| Exercise data |
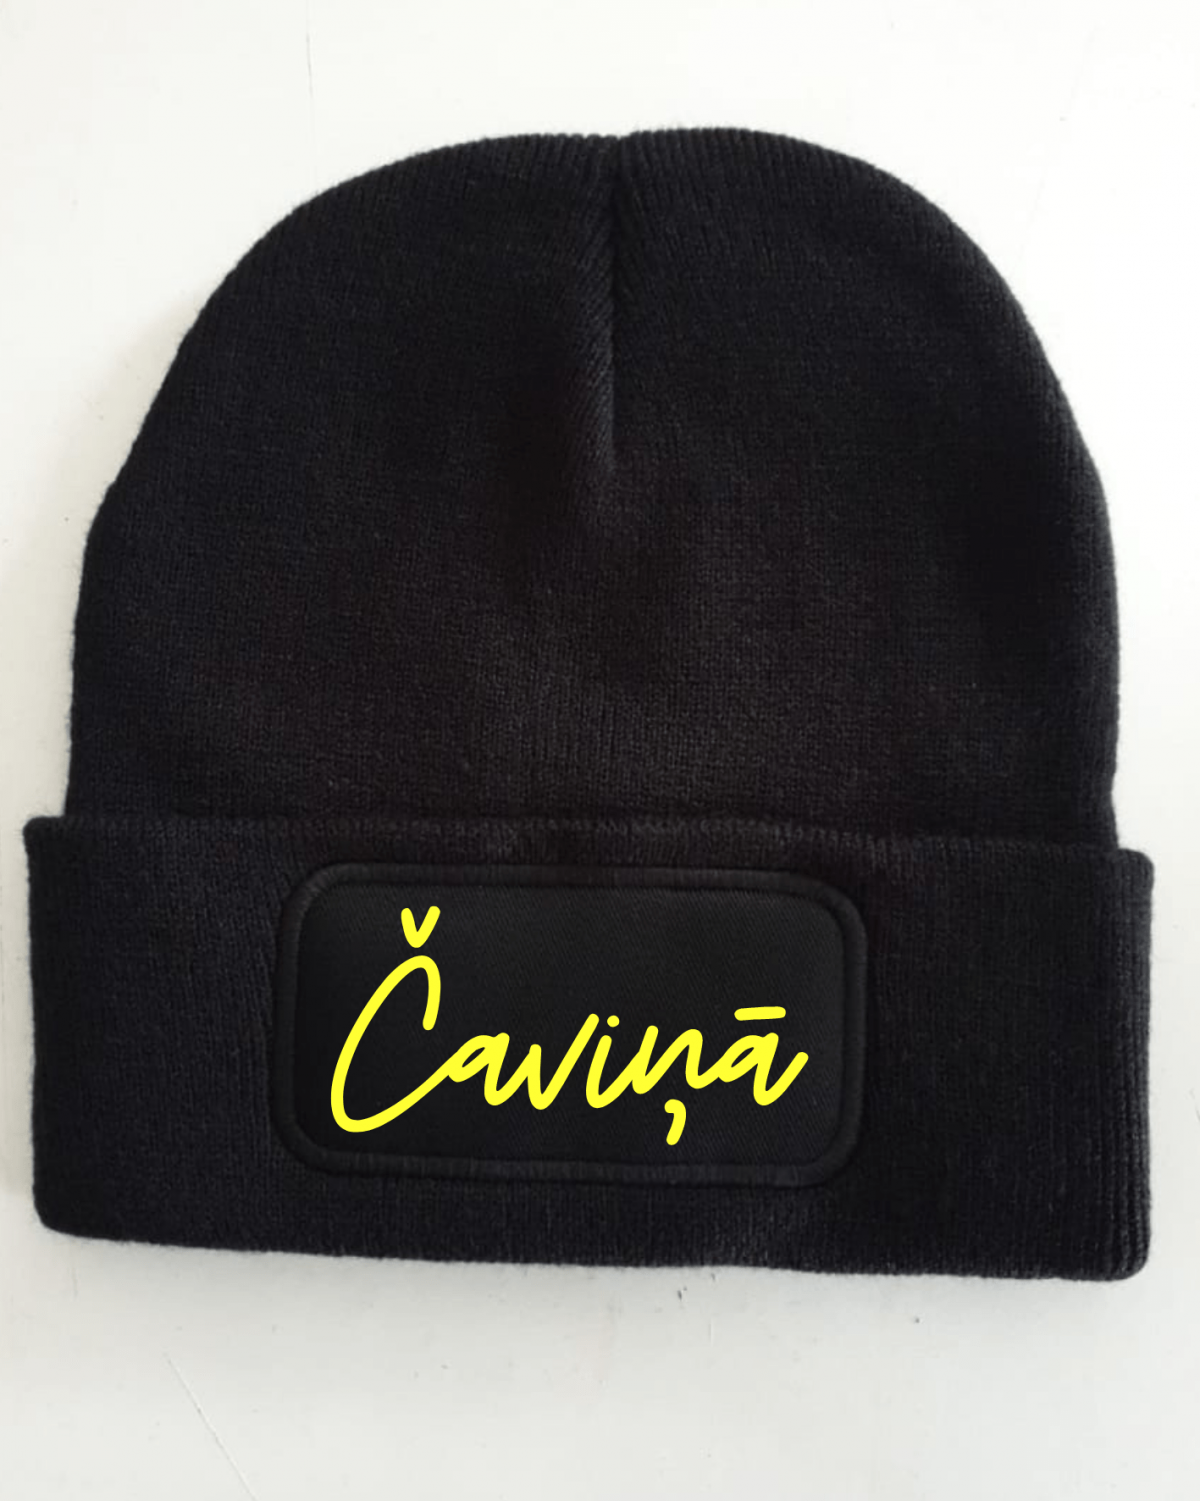 Adīta cepure melnā krāsā ar neona apdruku "Čaviņā", lieliska dāvana
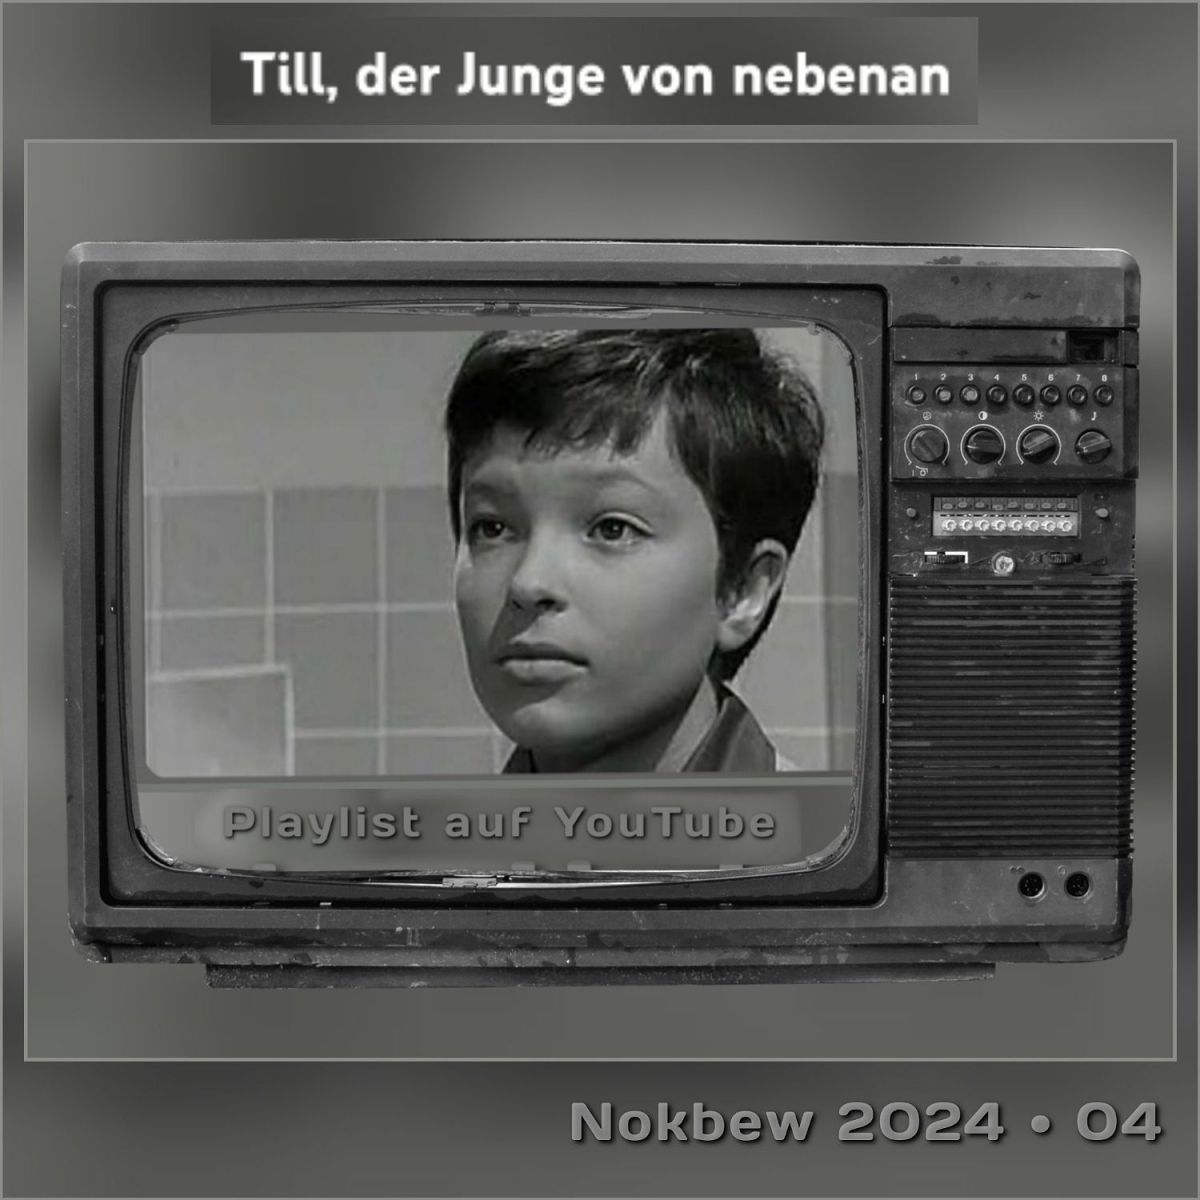 Filmtipp auf Nokbew’s Blog: Deutsche TV – Fernsehserie aus den Sechzigern: Till, der Junge von nebenan
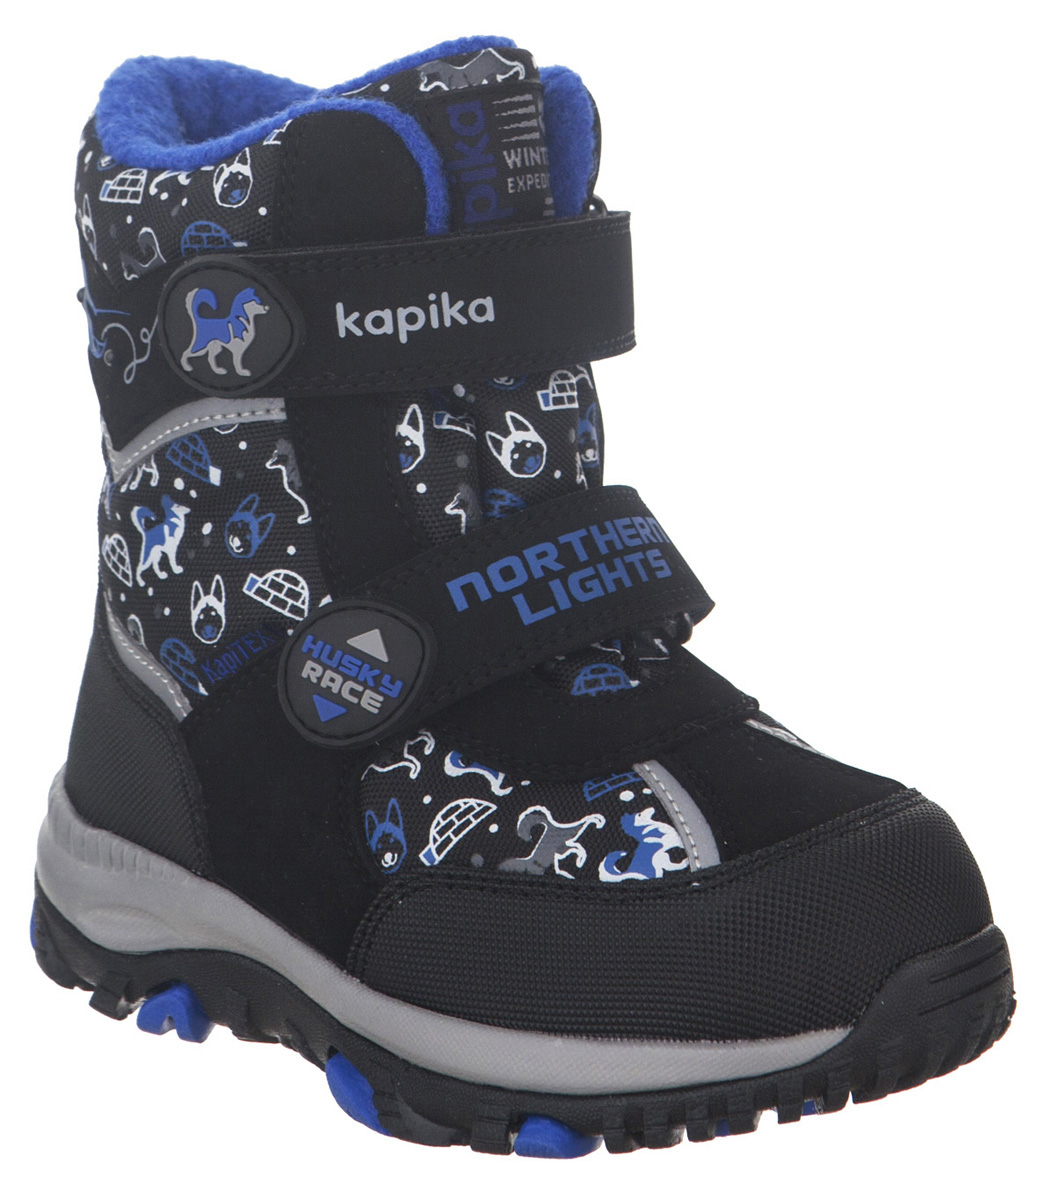 Ботинки для мальчика Kapika KapiTEX, цвет: черный. 41211-1. Размер 23

| About this task |
Each line above should be written out again unchanged; no images are to be carried over.

| Written response |
 Adīta cepure melnā krāsā ar neona apdruku "Čaviņā", lieliska dāvana
 Filmtipp auf Nokbew’s Blog: Deutsche TV – Fernsehserie aus den Sechzigern: Till, der Junge von nebenan
 Ботинки для мальчика Kapika KapiTEX, цвет: черный. 41211-1. Размер 23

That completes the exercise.